Data records:
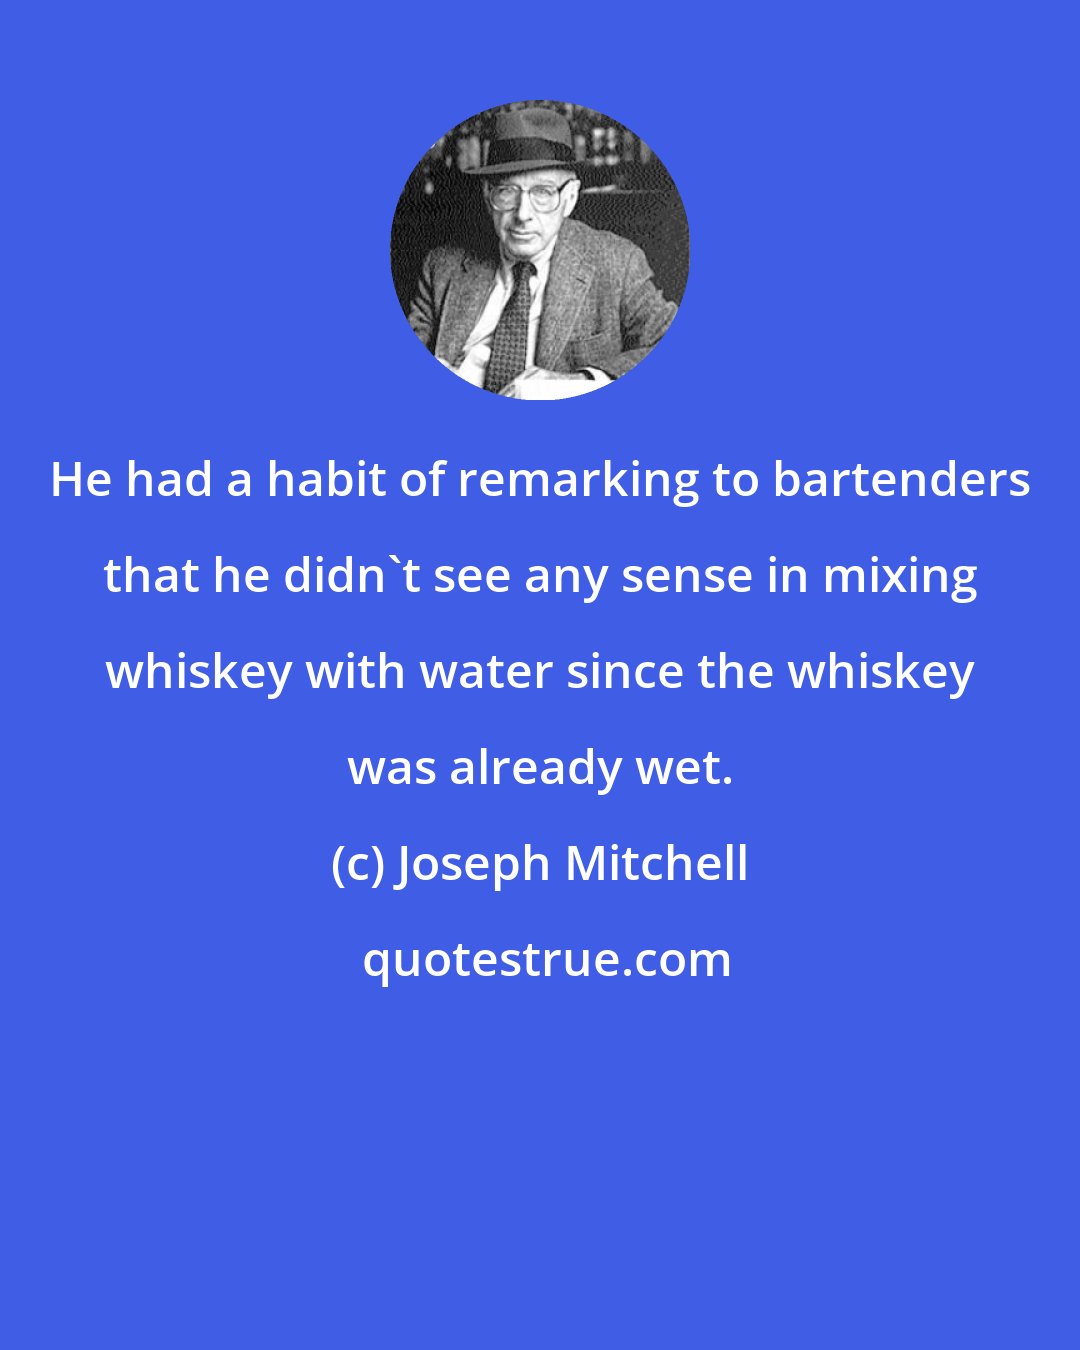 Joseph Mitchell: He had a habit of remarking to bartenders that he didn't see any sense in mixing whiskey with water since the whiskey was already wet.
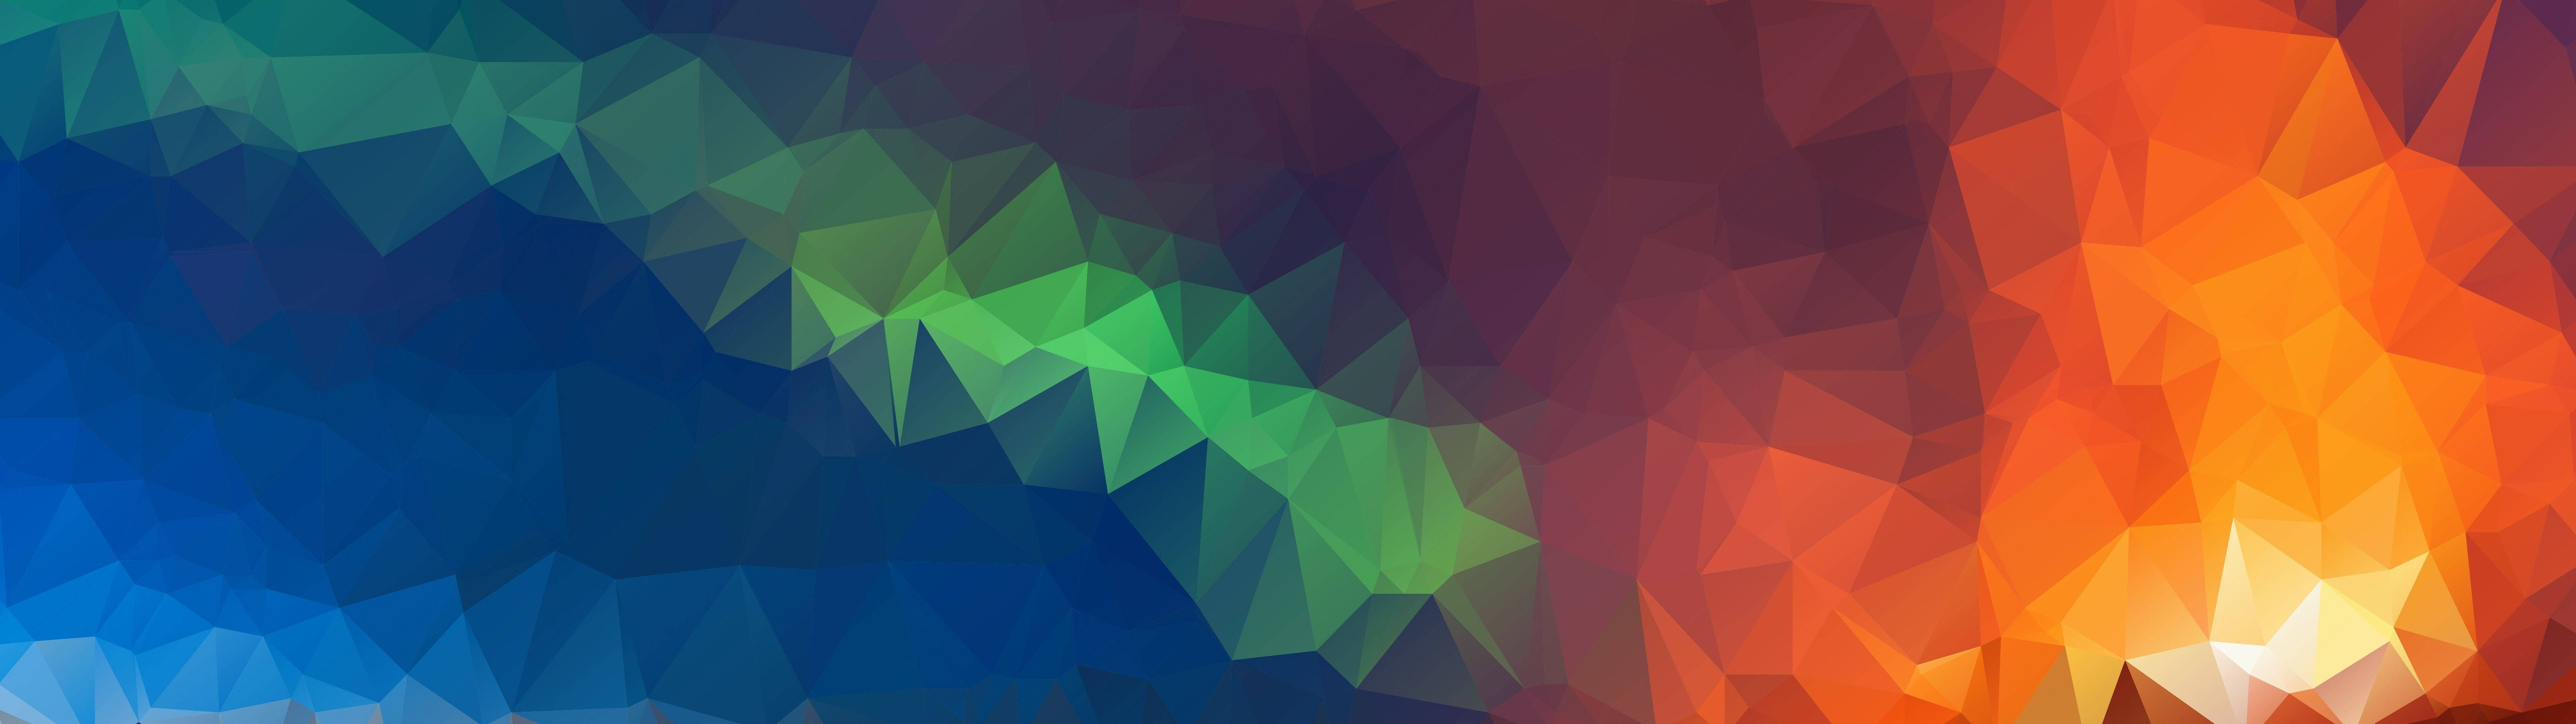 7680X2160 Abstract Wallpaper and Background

...

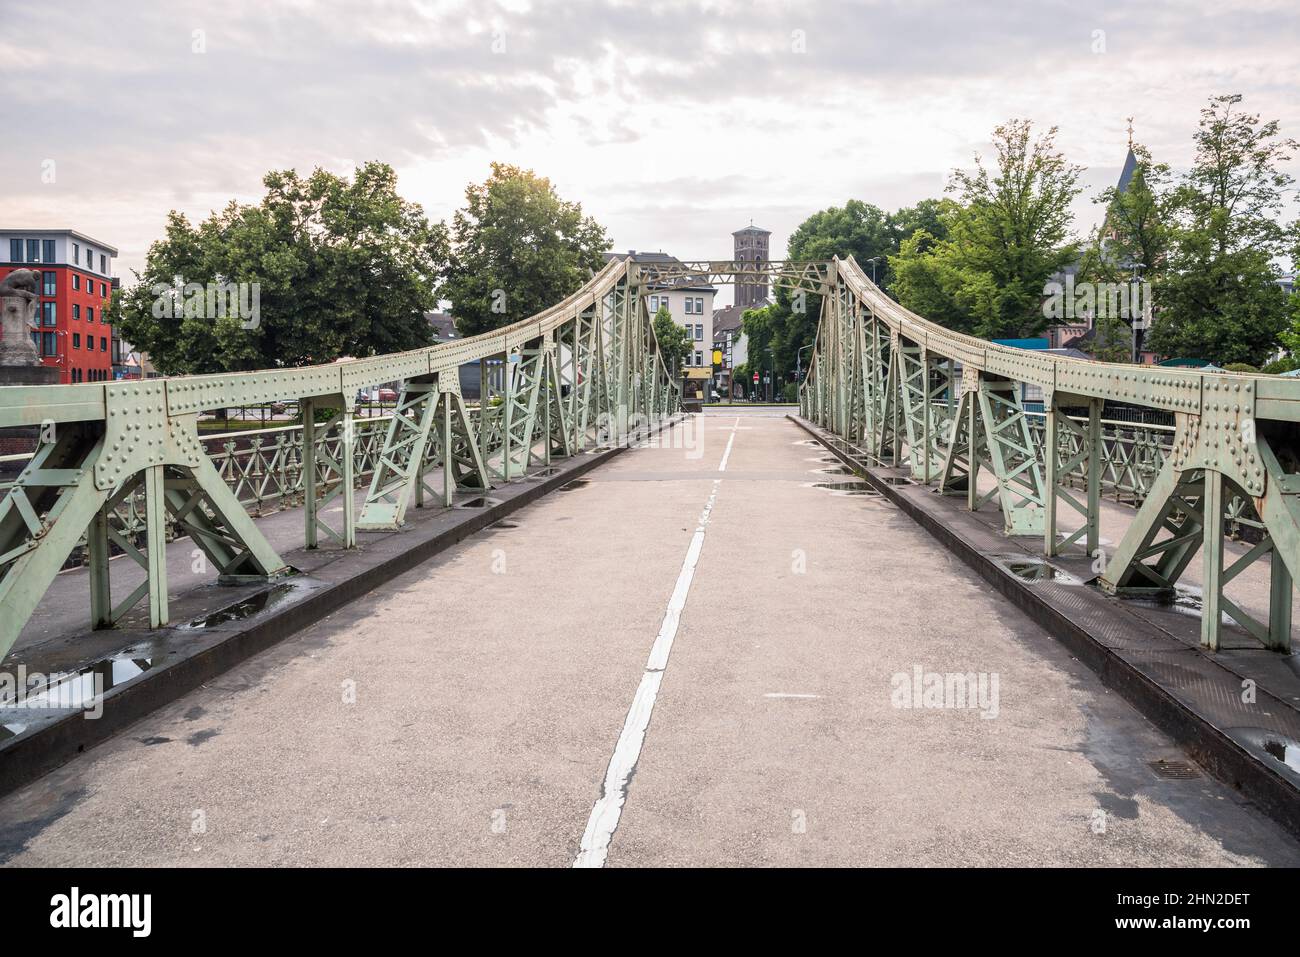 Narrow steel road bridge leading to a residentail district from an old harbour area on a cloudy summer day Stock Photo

Exercise directions: Everything from the line above that contains "Joseph Mitchell: He" down to the line that contains "7680X2160 Abstract Wallpaper and Background" must be reproduced exactly, both ends included. Omit the pictures.

Task answer:
 Joseph Mitchell: He had a habit of remarking to bartenders that he didn't see any sense in mixing whiskey with water since the whiskey was already wet.
 7680X2160 Abstract Wallpaper and Background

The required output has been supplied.